Articles published in 2011 and 2013 rebut questions raised about Green's actions at Stoney Creek. The first is an article in the War of 1812 Magazine, in which author Philip Green reviews primary and secondary source evidence and material cultural evidence from the time of the battle. The primary source evidence consists mostly of written correspondence from British officers and American officers in the periods leading up to and immediately after the battle. The article compared the correspondence with accounts by Billy Green, and found a close correspondence. The conclusion from the article is that, by the standard of evidence used to accept Laura Secord as historical fact, the story of Billy Green must be accepted as historical fact.

A second article that rebuts Elliot's claim was published in 2011. The authors followed shortly after with another.

==Tribute==

Billy Green Falls, a complex ribbon waterfall found in Battlefield Creek, Stoney Creek, Hamilton, Ontario, Canada was named after him.
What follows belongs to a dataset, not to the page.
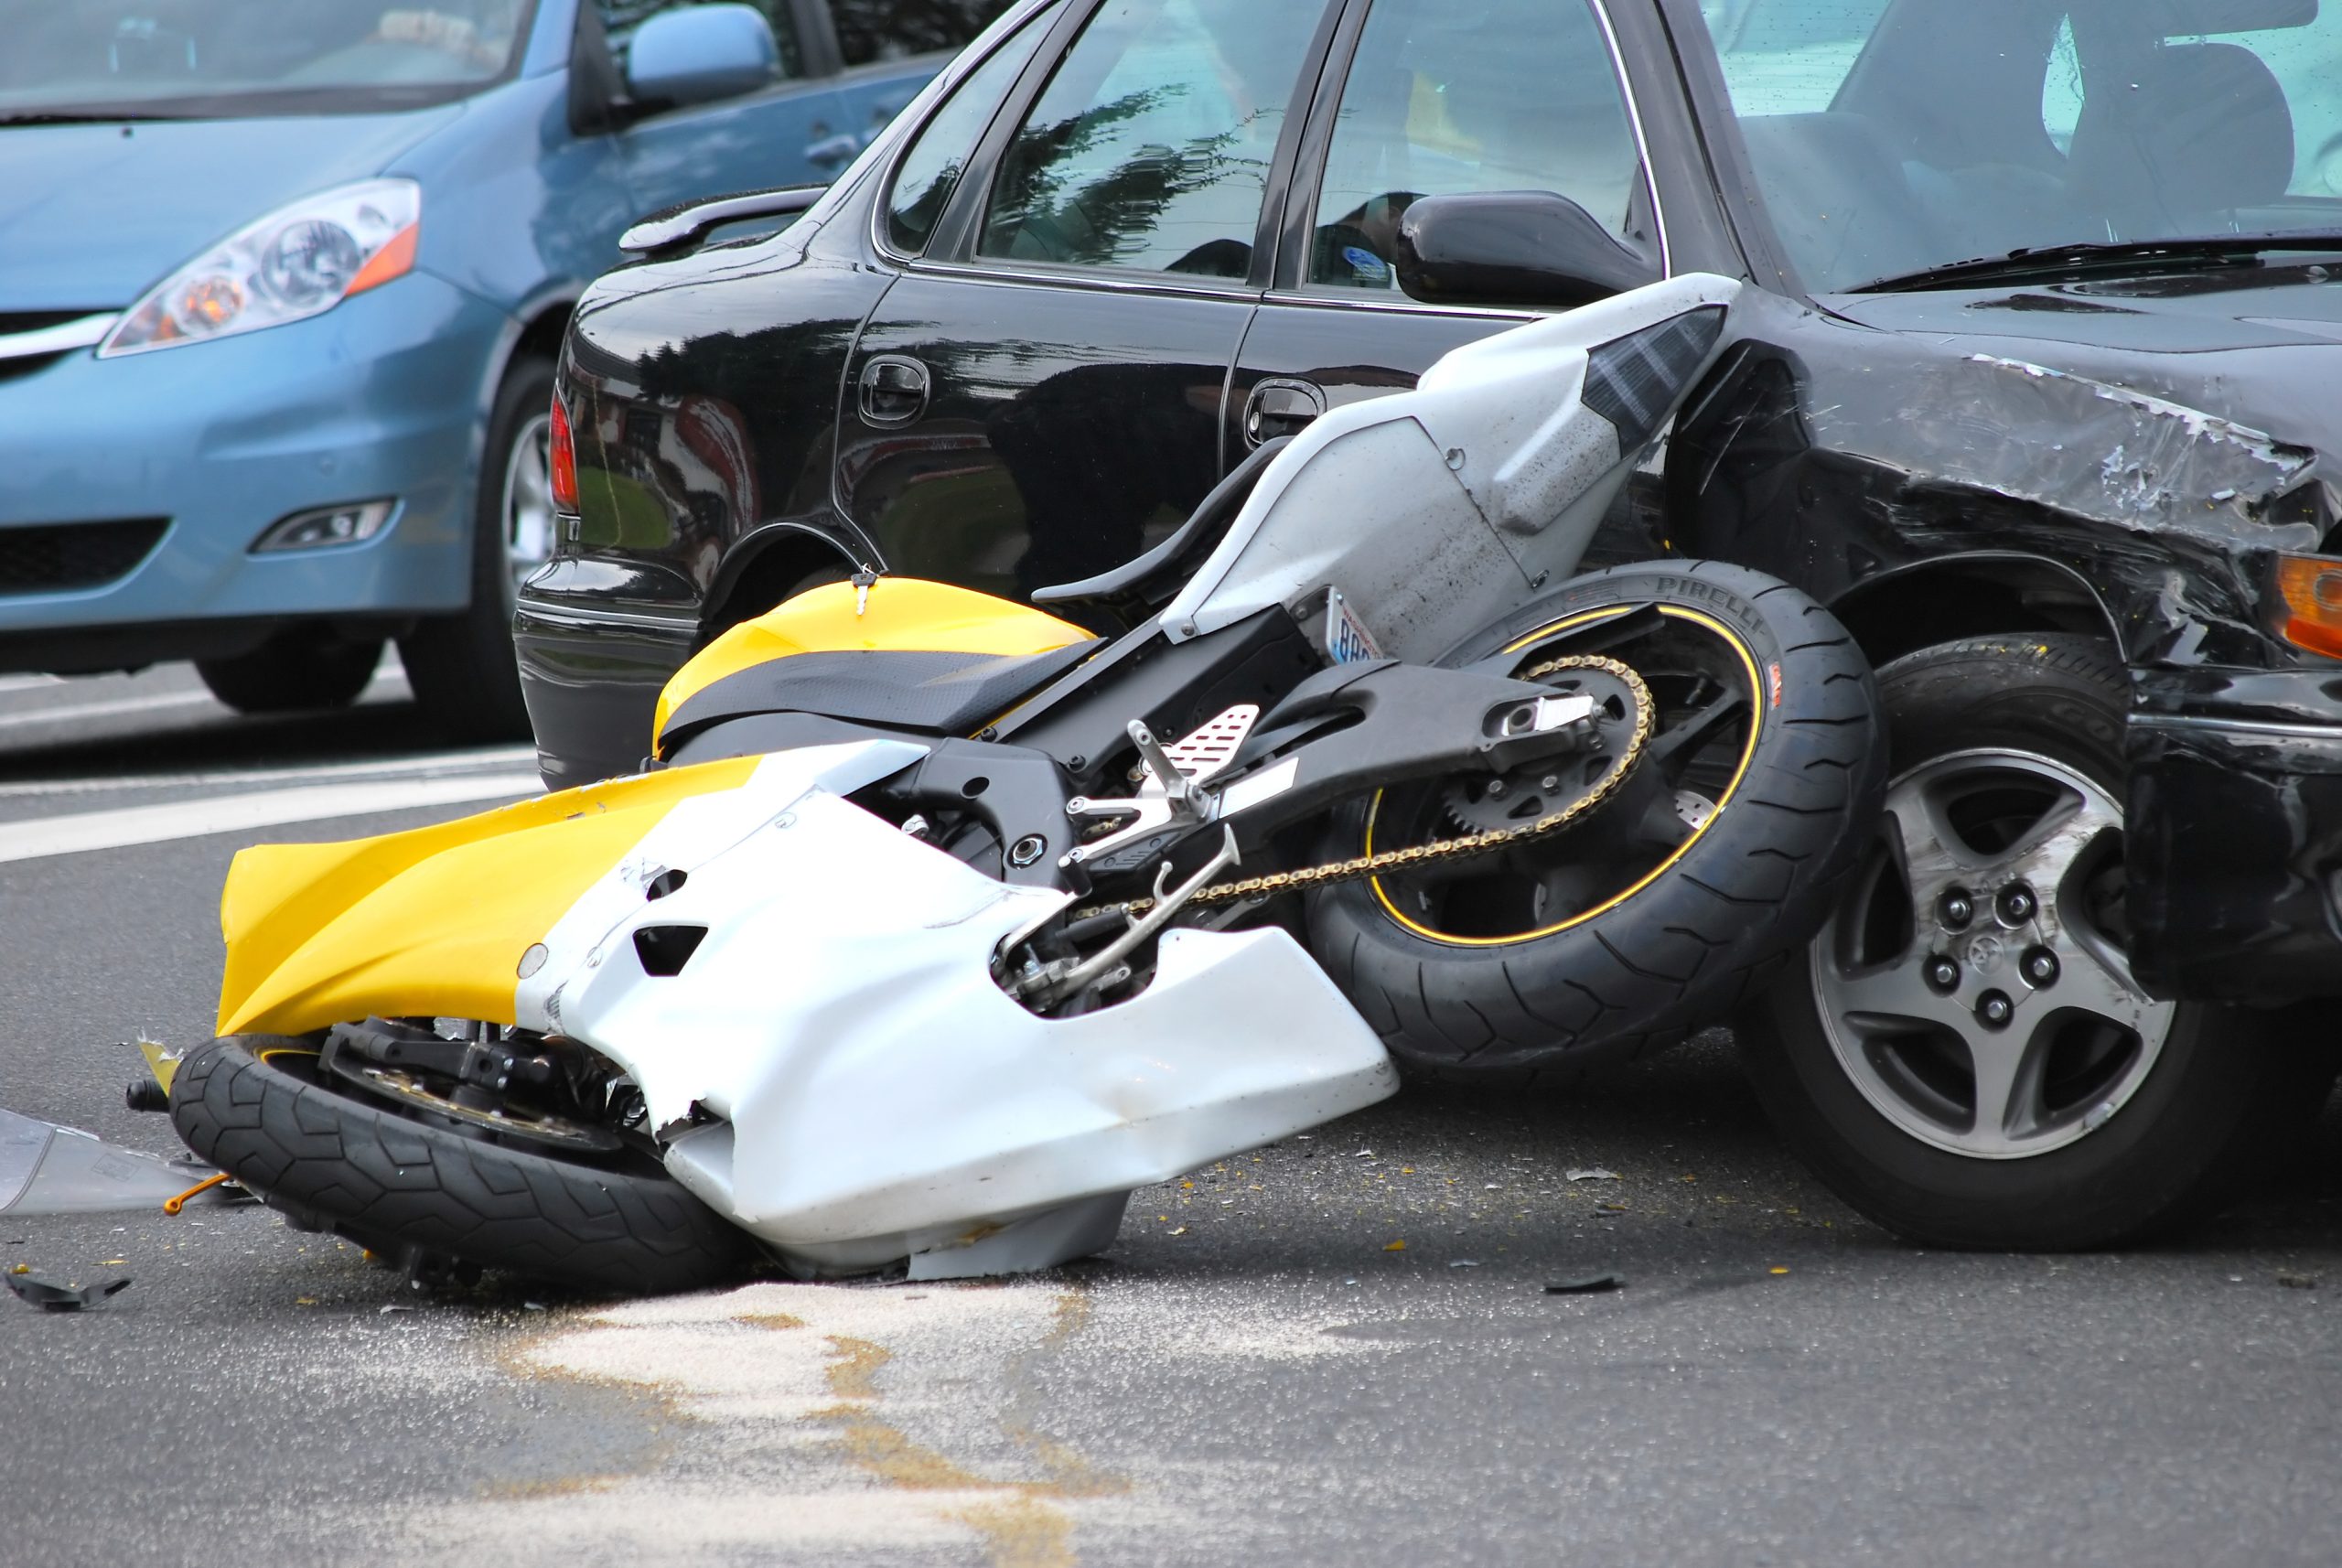 Hiring a Lawyer After Being Injured in a Motorcycle Accident in Colonie, New York

Billy Green Elementary School, is also named after him and is nearby.

The book of poetry "Never Counting the Cost" (2012), by Raymond Souster and Les Green, recounts the War of 1812 and Billy Green the Scout. Souster won the Governor General's Award and the Order of Canada. Published by The Battered Silicon Dispatch Box, Eugenia, Ontario.

==Media==
Stan Rogers popularized Billy Green's exploits in the song "Billy Green the Scout" on the album 'From Coffee House to Concert Hall'. Billy's story was also celebrated by singer George Fox.